In October 2007, together with then-Mayor Mark Funkhouser and the rest of the Kansas City Council, Jolly hosted her first gala to raise money for the Breast Cancer Research Foundation. More than 200 people attended the event, which included dinner, drinks and remarks from Funkhouser, the city council and Jolly herself. The ball was such a success that Jolly has gone on to host one every October, reflecting on her journey and offering support to anyone who has or who will experience a similar struggle.
“You know, it was difficult that my cancer was so public, but at the same time, we have a great community here and the support I received then and for these events is tremendous,” she said. “It really is touching what a close community we are. Kansas City has about half a million people, so it was overwhelming.”
The annual gala has approximately 36 sponsors, including but not limited to law firms, civic leaders, local businesses, labor unions and the Kansas City fire department. Each year, the gala raises $30,000 from these sponsorships alone, and takes in about another $18,000 from the $100 event ticket and various fundraising projects.

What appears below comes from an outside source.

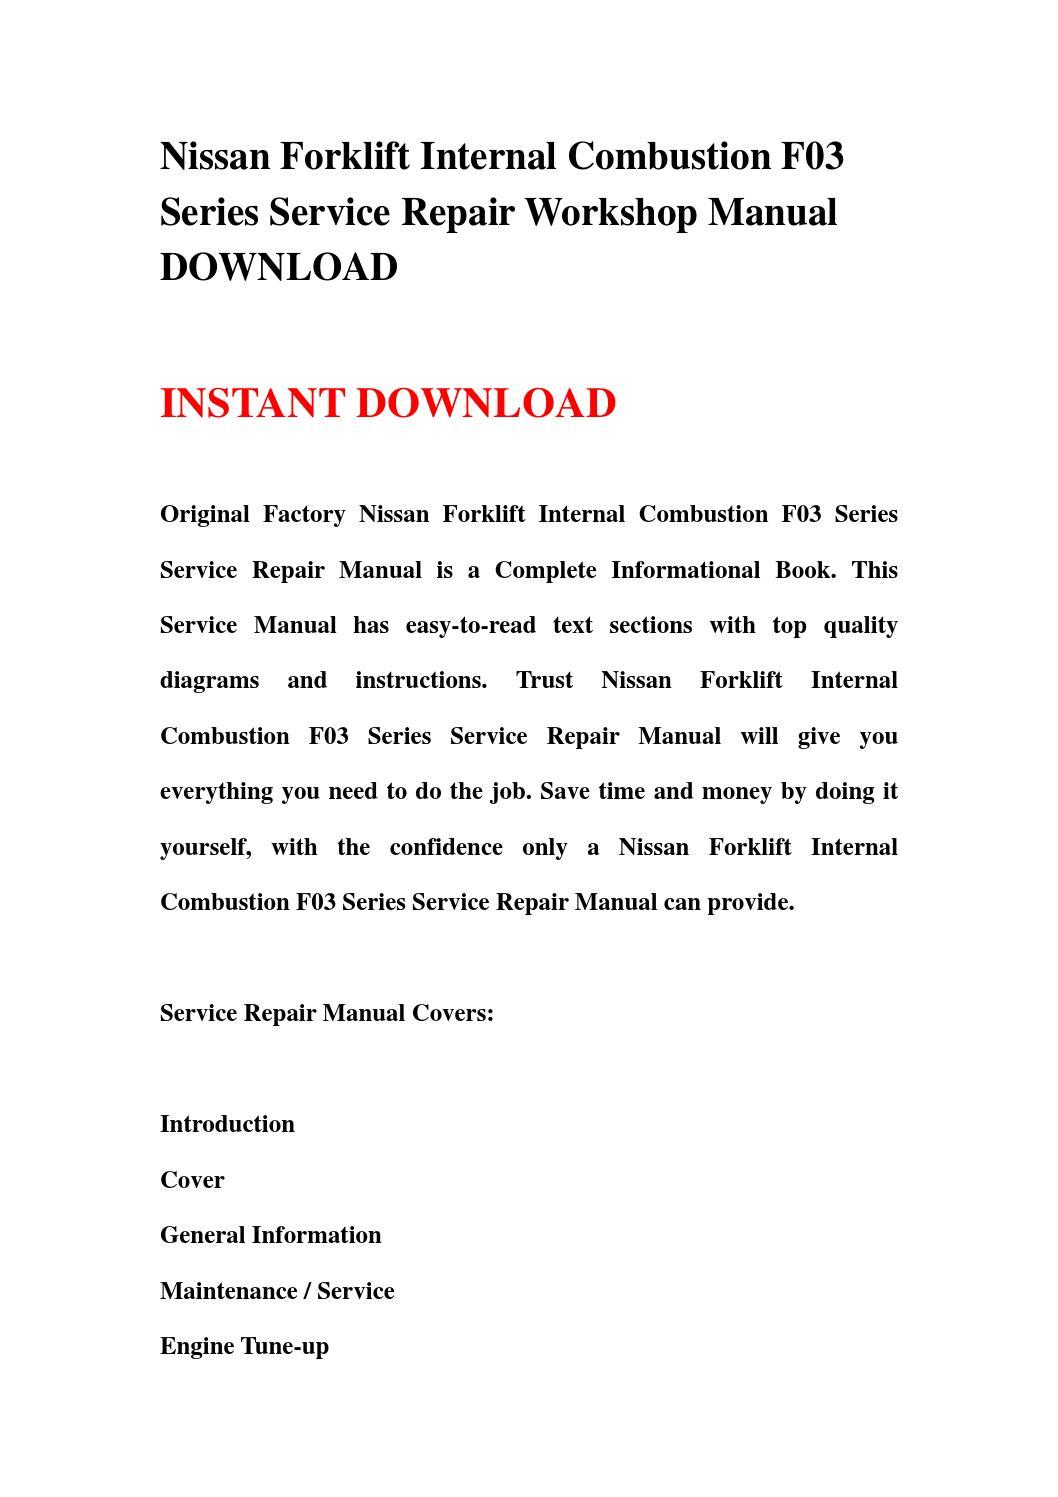 nissan forklift internal combustion f03 series service

Gala organizers invite 300 guests every year, using beautiful five-piece invitations donated by the local printers who once helped Jolly with her political campaign materials. The fire department custom-designs a new T-shirt each year, while local taxi mogul Bill George paints several of his cabs pink with the BCRF logo for the month of October. Others throughout the community lend Jolly a hand in her overall fundraising mission.
“These are people who were with me when I was 27 years old running for state representative, and have just stayed with me through every endeavor,” said Jolly. “I’m humbled and fortunate that I have great friends.”
She’s looking forward to hosting the eighth annual gala on Oct. 28, and seeing all the people who have made a contribution thus far.
“My favorite part is when I get to thank everyone at the event,” she said. “I know it sounds silly, but when I’m standing in the front and I’ve got a microphone in my hand and I’m looking out, I get emotional about it. There are so many people there, and breast cancer touches everyone. You can’t find anyone who isn’t affected by it.”